Upon our arrival on Friday (March 12), we prepared, served and ate a meal with local homeless clients. After an enjoyable time of socializing, we then had a speaker from homeless services in the city. She shared stories and statistics from her years of work. We spent Friday night in the church sanctuary of the Quaker meetinghouse in Union Square.

Saturday brought a rainstorm, but we were excited to go off in our small groups with our new friends from Al-Noor to volunteer all over the city with programs addressing food and housing issues. Groups worked preparing meals in large soup kitchens, serving as many as 400 people, and sorting and distributing food in food pantries. After a closing reflection, we headed to Brooklyn to the Al-Noor School, where we had a wonderful dinner, and an evening of singing, dancing and talking late into the night. (The trip was intentionally all-female out of respect for the gender separation at Al-Noor, where we spent Saturday night.)

Following are excerpts from student reflections:

I will continue to think about the differences between the Muslim girls we met and the way Muslim people are portrayed in the media.

The statistics of homelessness in NYC (40, 000) are shocking. This becomes real when you talk to homeless people like we did.

We helped over 900 people in our two days of service.

There was an intimacy in talking with people who are homeless. Boundaries were broken. They were intelligent, fun and it was just so human.

I was appalled to learn about government cuts to homeless services. As upsetting as it is, I am glad to be informed about the cuts.

Perfect combination of cultural, service and fun.

Was not sure if we would have anything in common with Muslim girls, but we totally did.

I have a different and more realistic perception of what it is like to be a Muslim in the United States.

I had a preconception that the Muslim girls would be reserved, but that was not true.
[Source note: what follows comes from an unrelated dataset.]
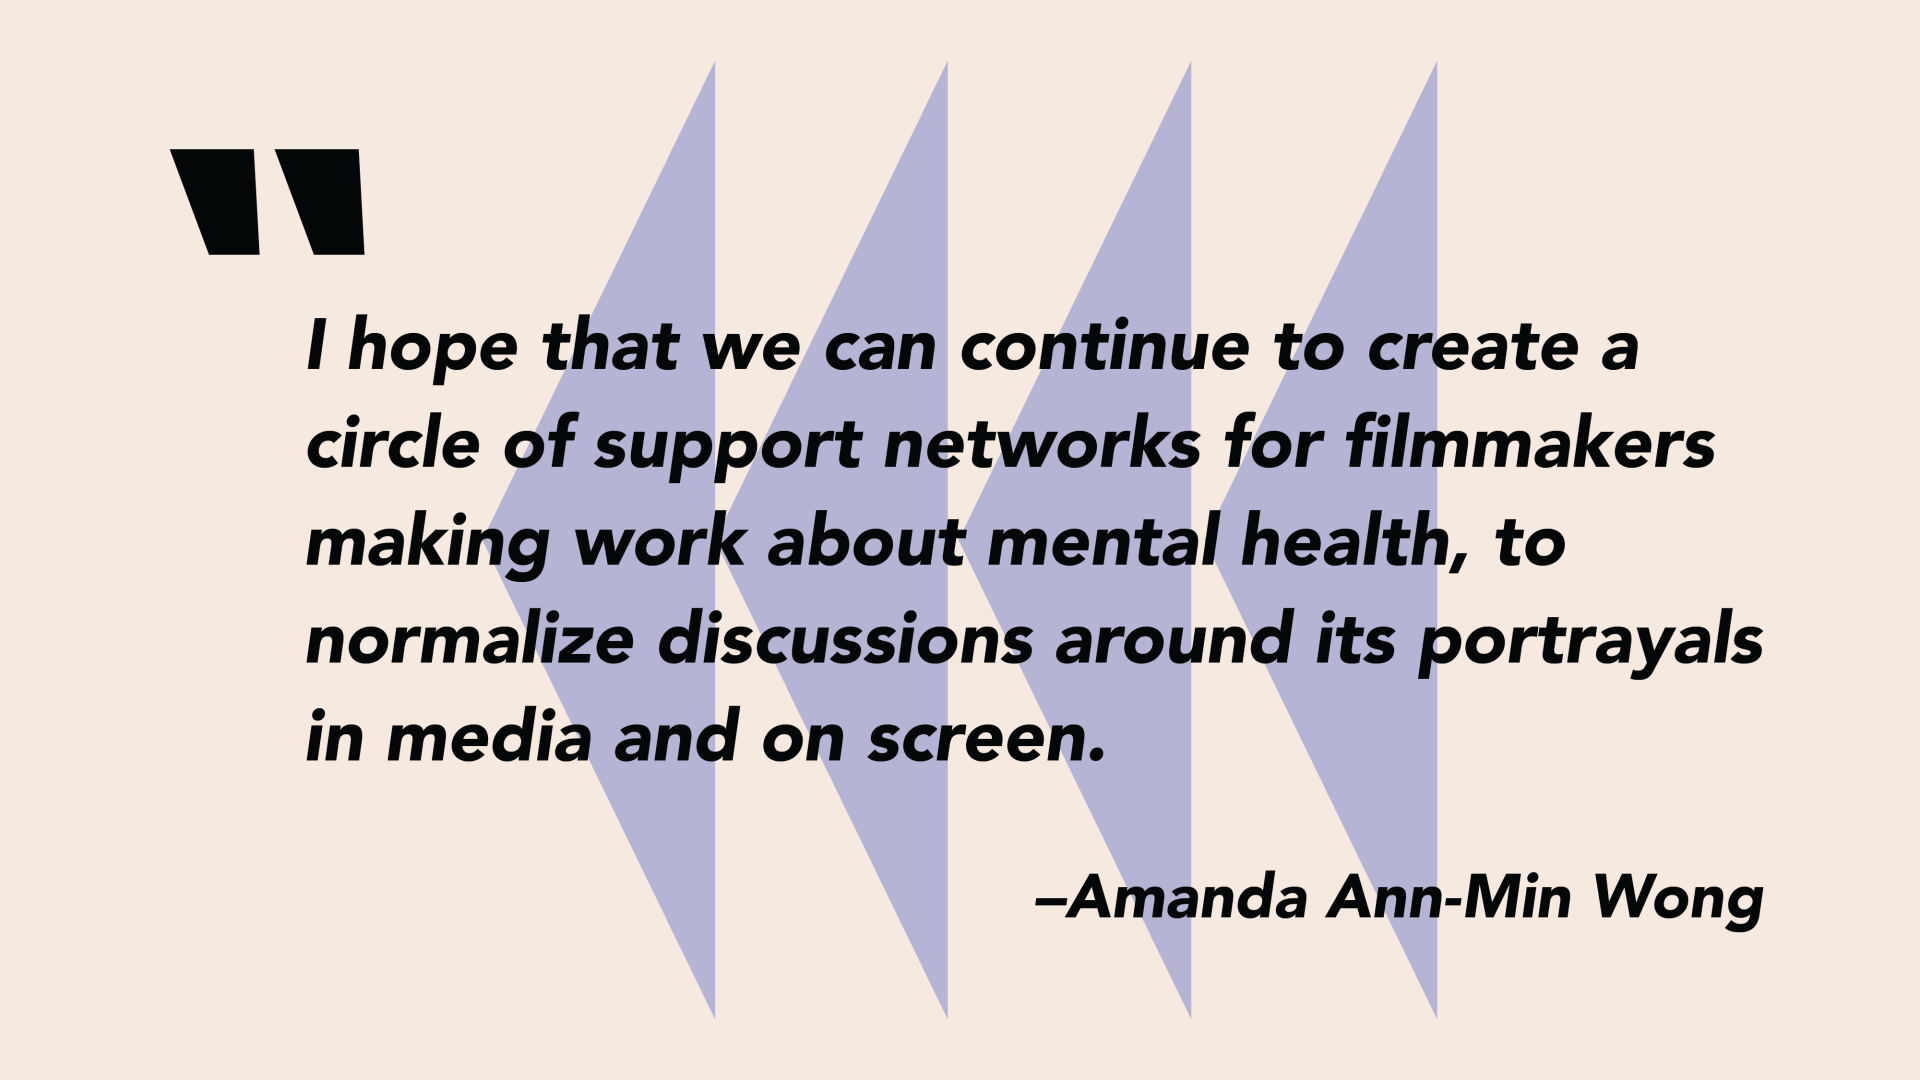 An off white graphic with purple triangles in the background and a quote overlaid by Amanda Ann-Min Wong that says "I hope that we can continue to create a circle of support networks for filmmakers making work about mental health, to normalize discussions around its portrayals in media and on screen."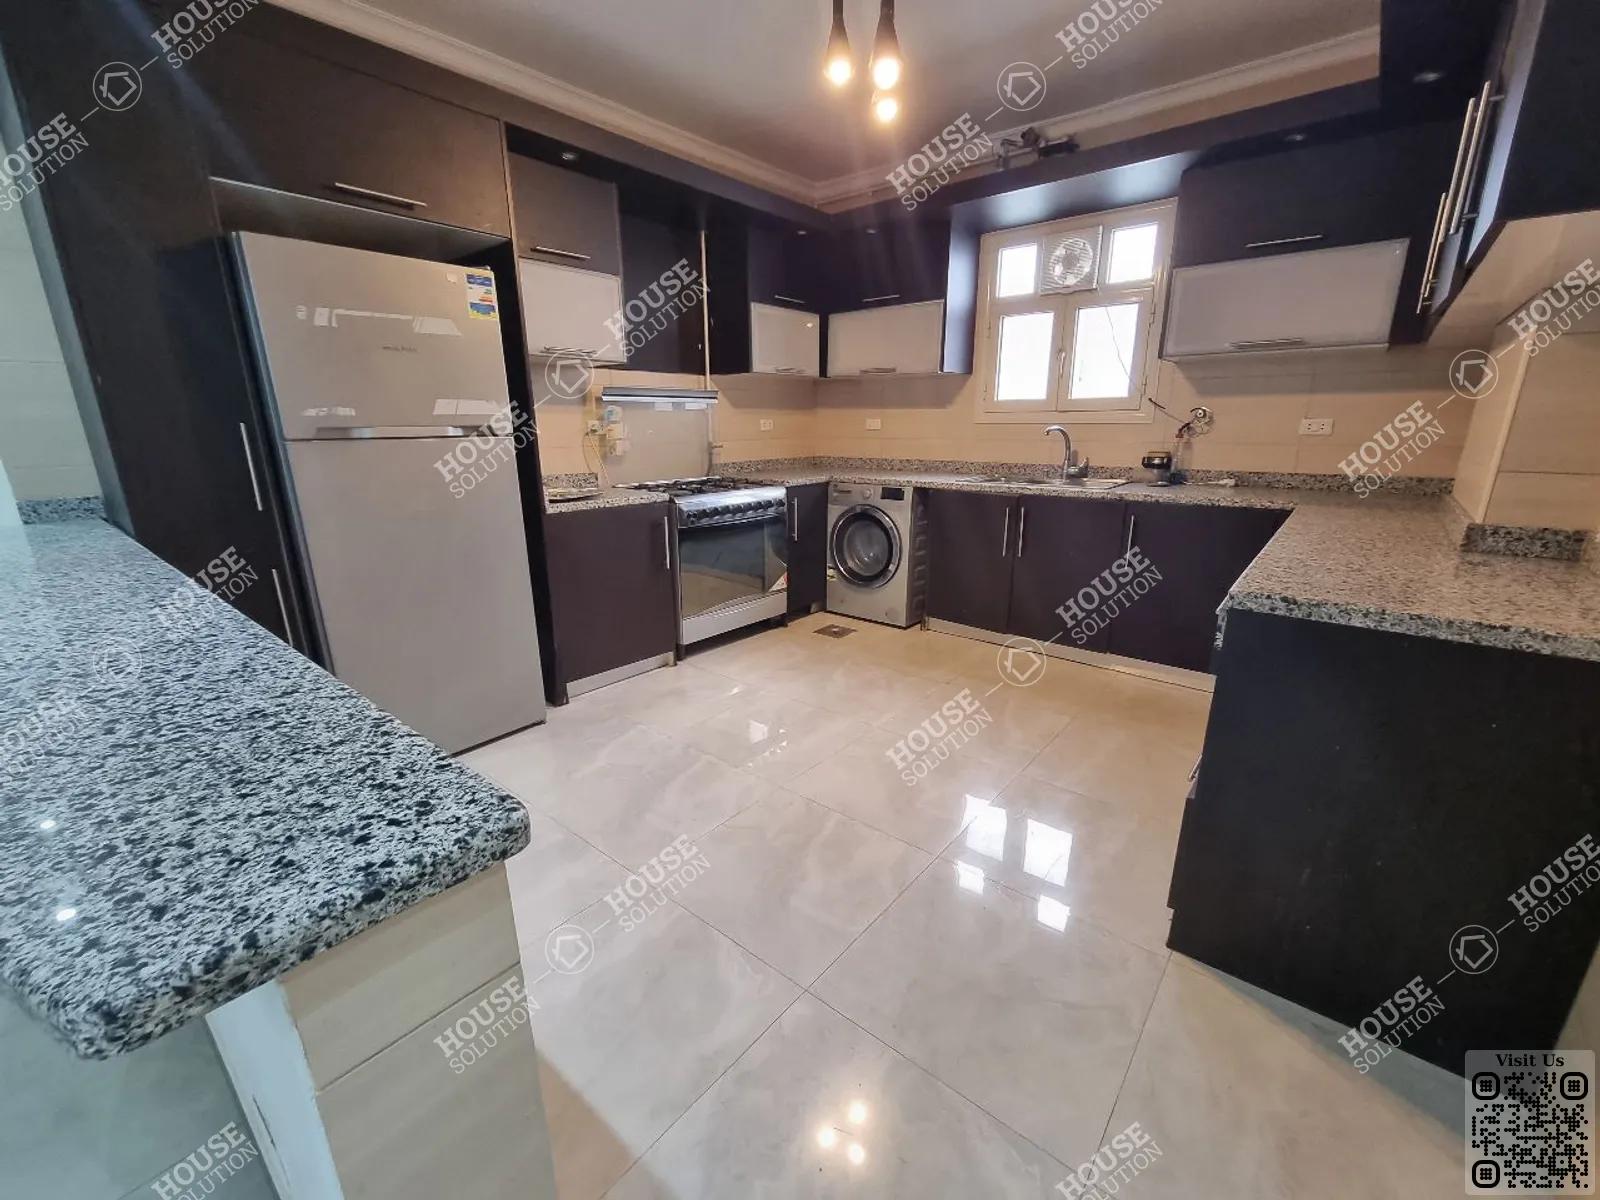 KITCHEN  @ Apartments For Rent In Maadi Maadi Sarayat Area: 220 m² consists of 3 Bedrooms 3 Bathrooms Modern furnished 5 stars #4539-1

I loved the huge girly slumber party.

The sleepover at Al-Noor was the highlight for me. We were able to share our cultures and teach each other things that you don’t learn in school.

I learned so much; like how to belly dance, and about Muslim culture — the clothes, the food, and the girls’ viewpoint on conflicts occurring right now in the Middle East.

This trip allowed me to further my journey towards open-mindedness, and will impact my choices in terms of my preconceived perceptions of others.

I will think about the staggering number of homeless people on the street, and about how great it is that there are so many amazing programs and organizations helping out little by little. I also will think about how protective some of the parents of the Al-Noor girls are; many of the girls were not allowed to sleepover at the school, although it was only girls. It really surprised me. It truly shows the difference in culture and the way people are raised.

I will definitely not be one of those people who pass a homeless person on the street and “pretends” that they are not there or ignores them. In the future, when I run into a homeless person on the street I will smile, and if I have some spare change I will give it to them, but if not then I will at least say hi and that I am sorry but I have no spare change. The most important thing is to be friendly and acknowledge someone, and not make them feel like they are nothing. I never tried to ignore them but I never smiled either and in the future I would like to smile and be more kind to these people who are unfortunately living on the street.